#### [Supplied data]

-=-=-=-=-

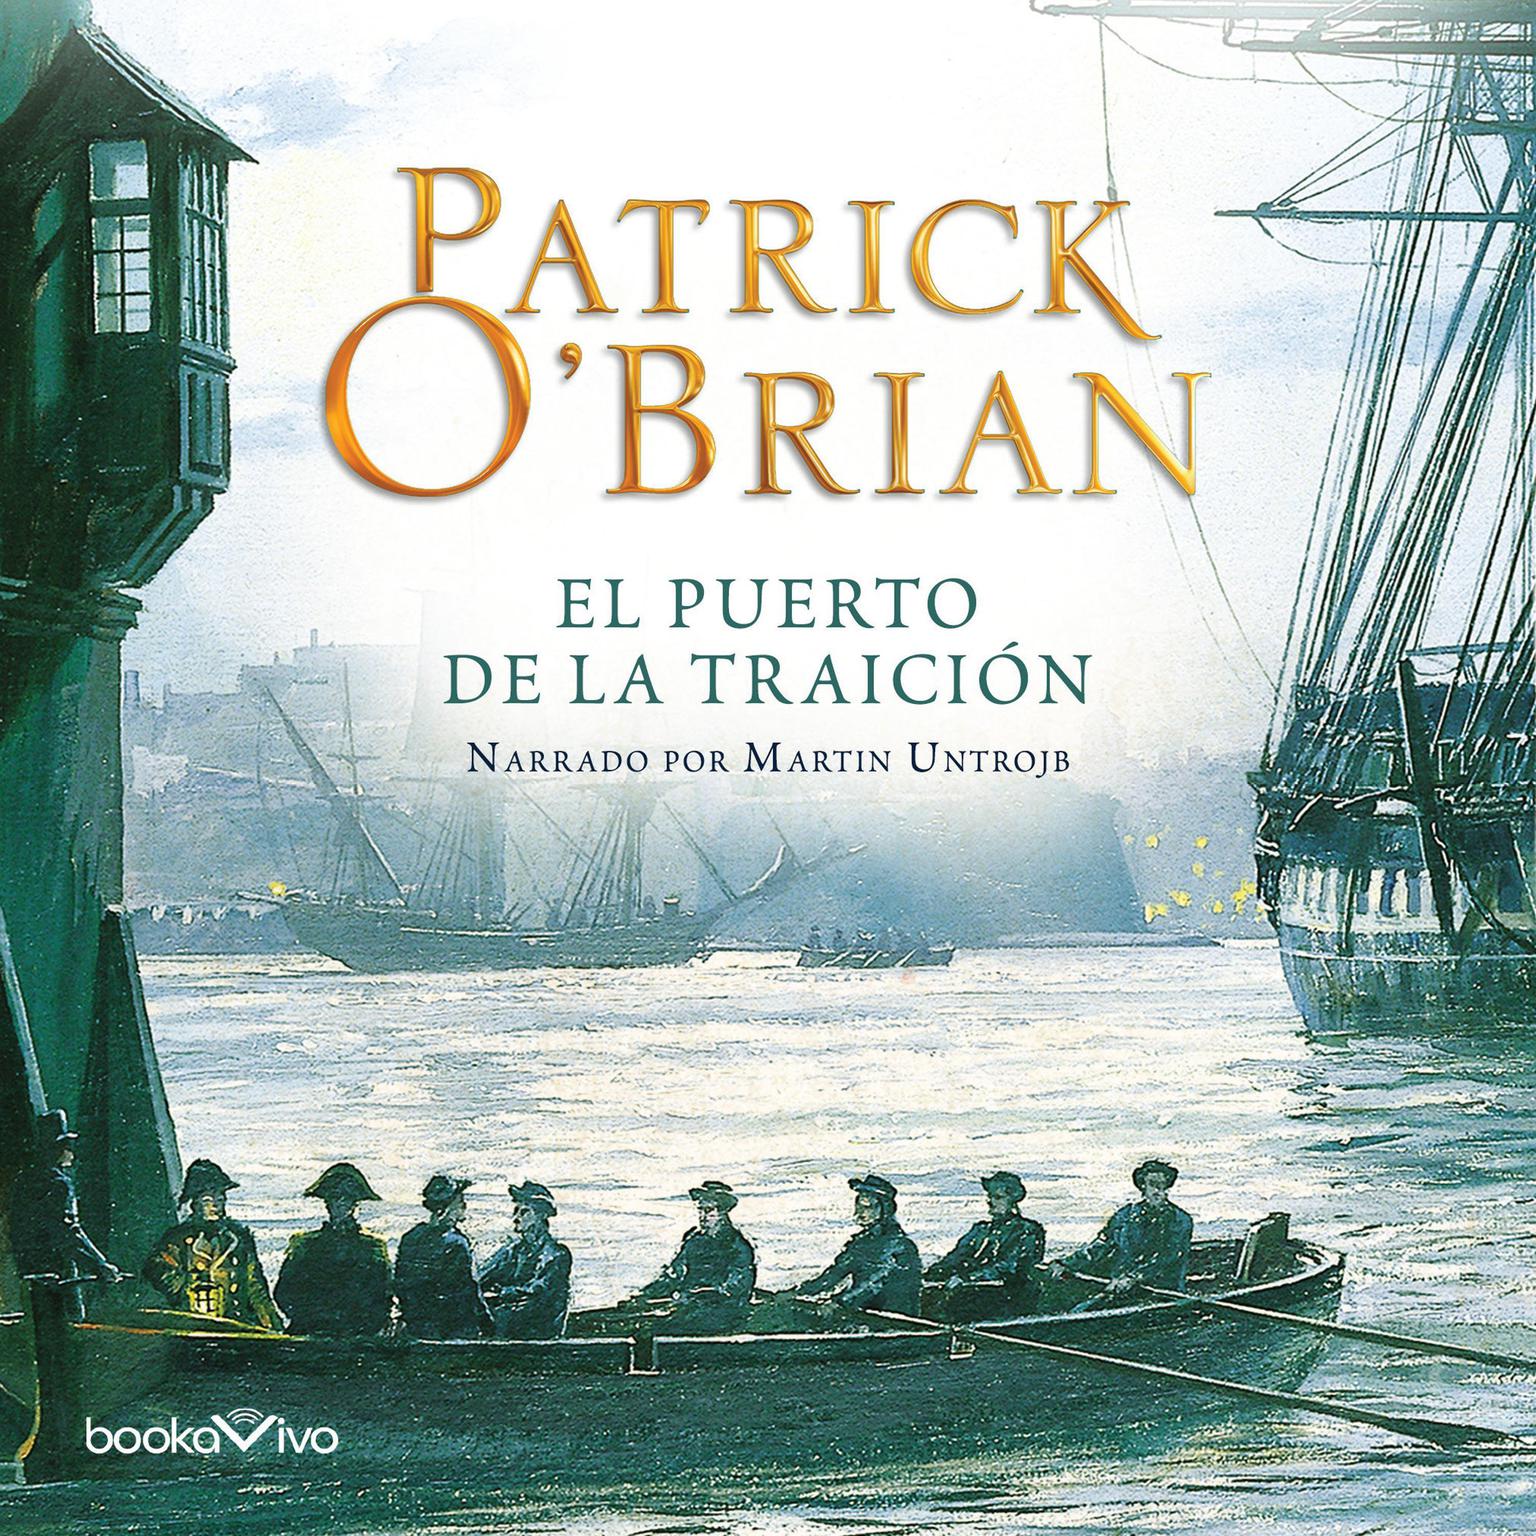 El Puerto de la Traicion (Treasons Harbour) Audiobook, by Patrick O'Brian
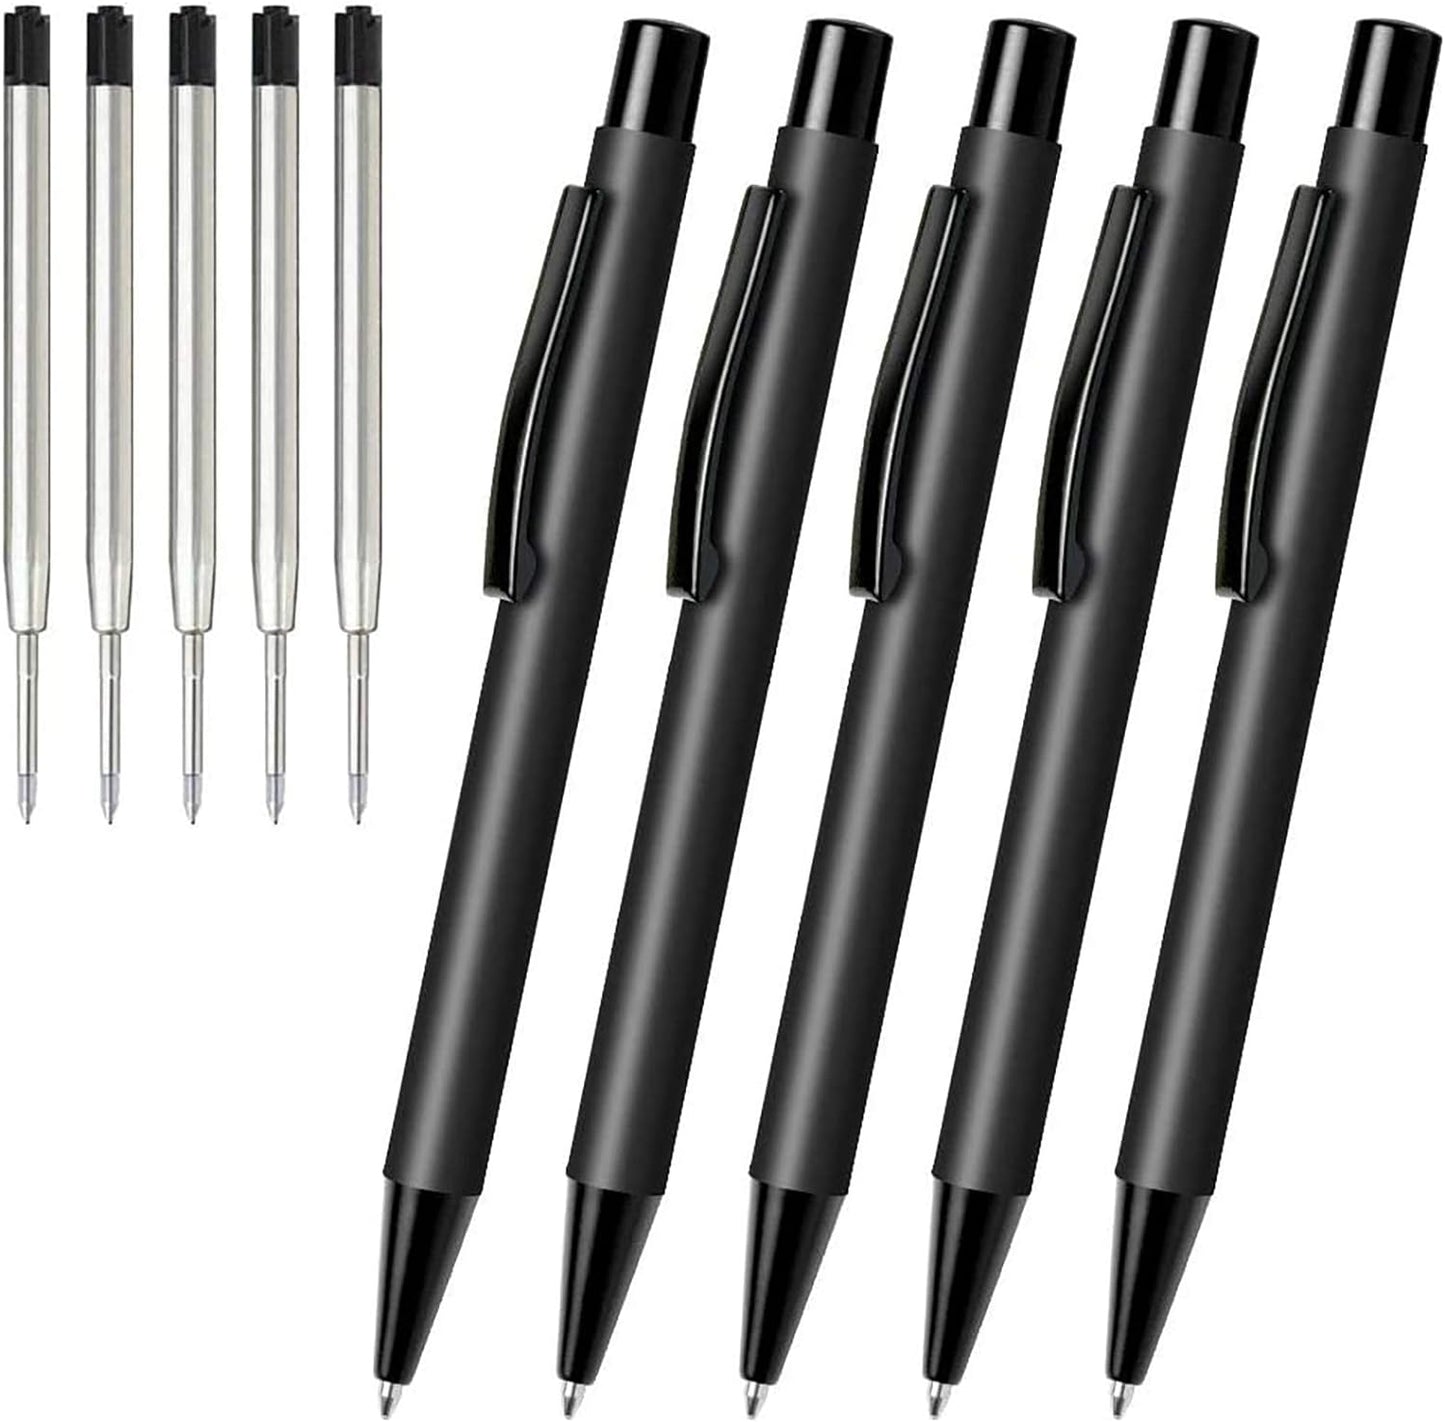 Cambond Ballpoint Pens for Gift Business Men
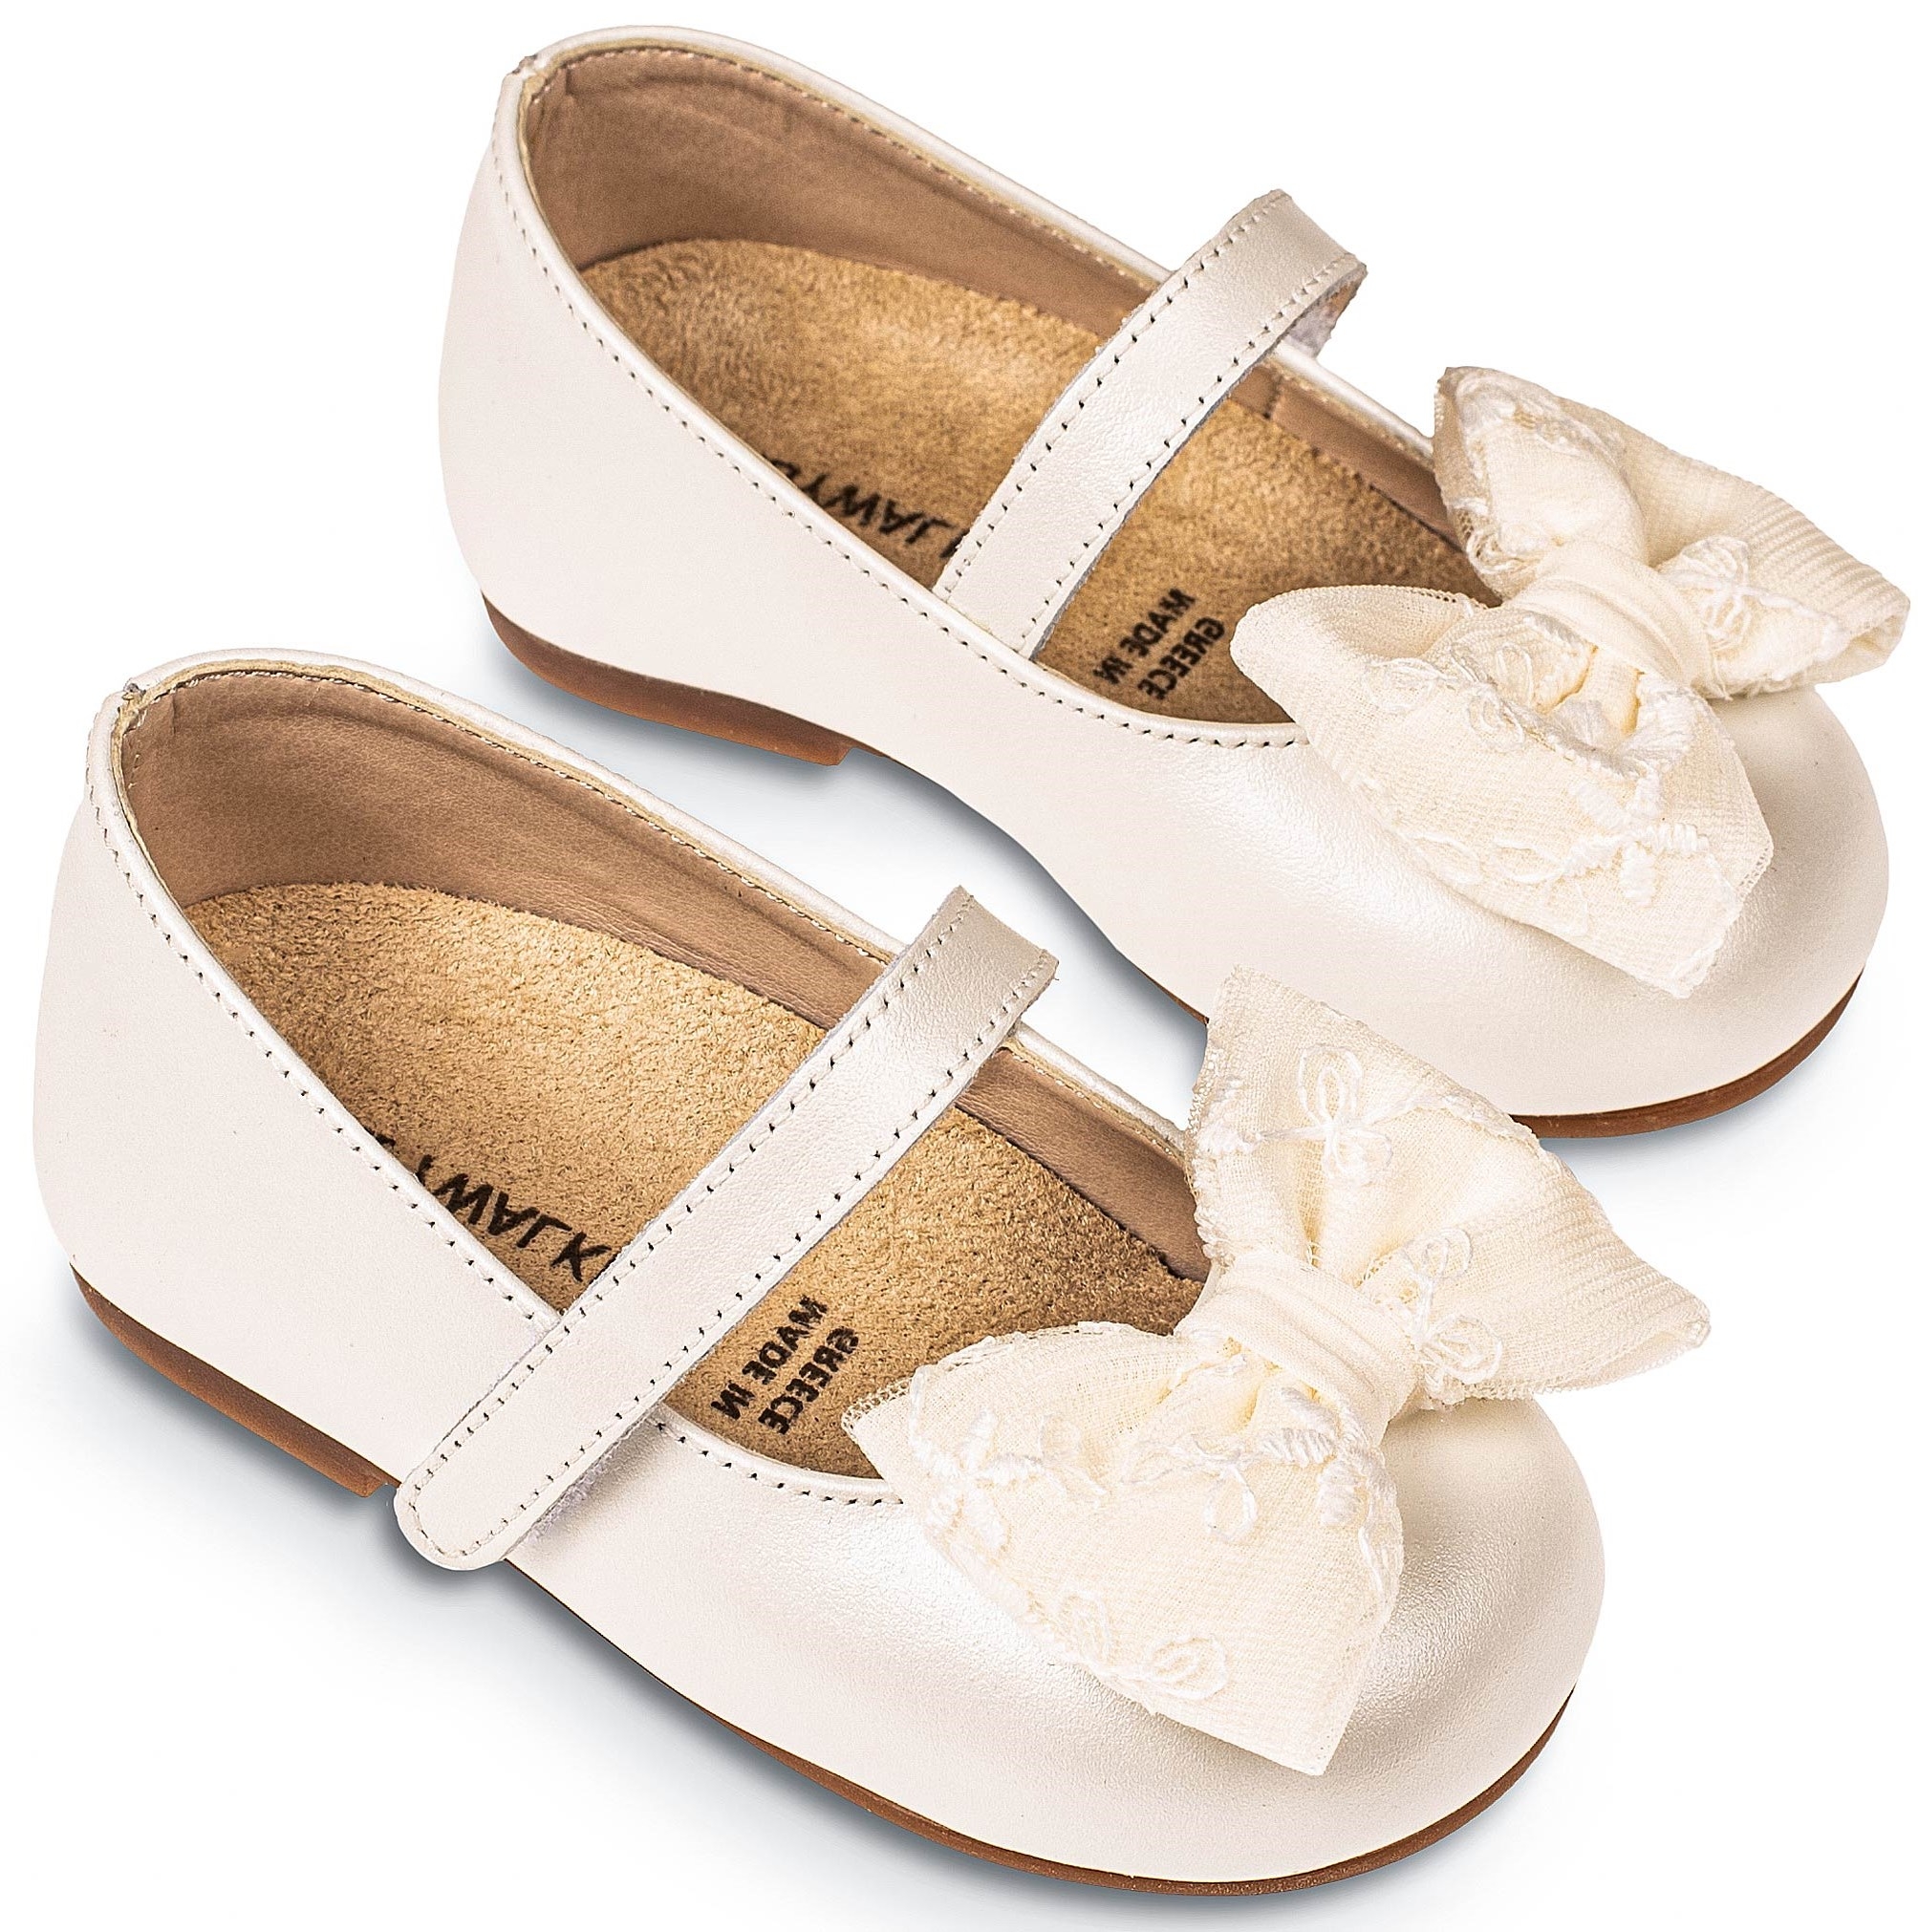 Γοβάκι με φιογκάκι εκρού - Βαπτιστικά παπούτσια για κορίτσι

-=-=-=-=-

#### [Exercise]
Will you repeat the material above, but only from the line containing "Cambond Ballpoint Pens for Gift Business Men" through its last line, exactly and without the pictures?

#### [Response]
 Cambond Ballpoint Pens for Gift Business Men
 Γοβάκι με φιογκάκι εκρού - Βαπτιστικά παπούτσια για κορίτσι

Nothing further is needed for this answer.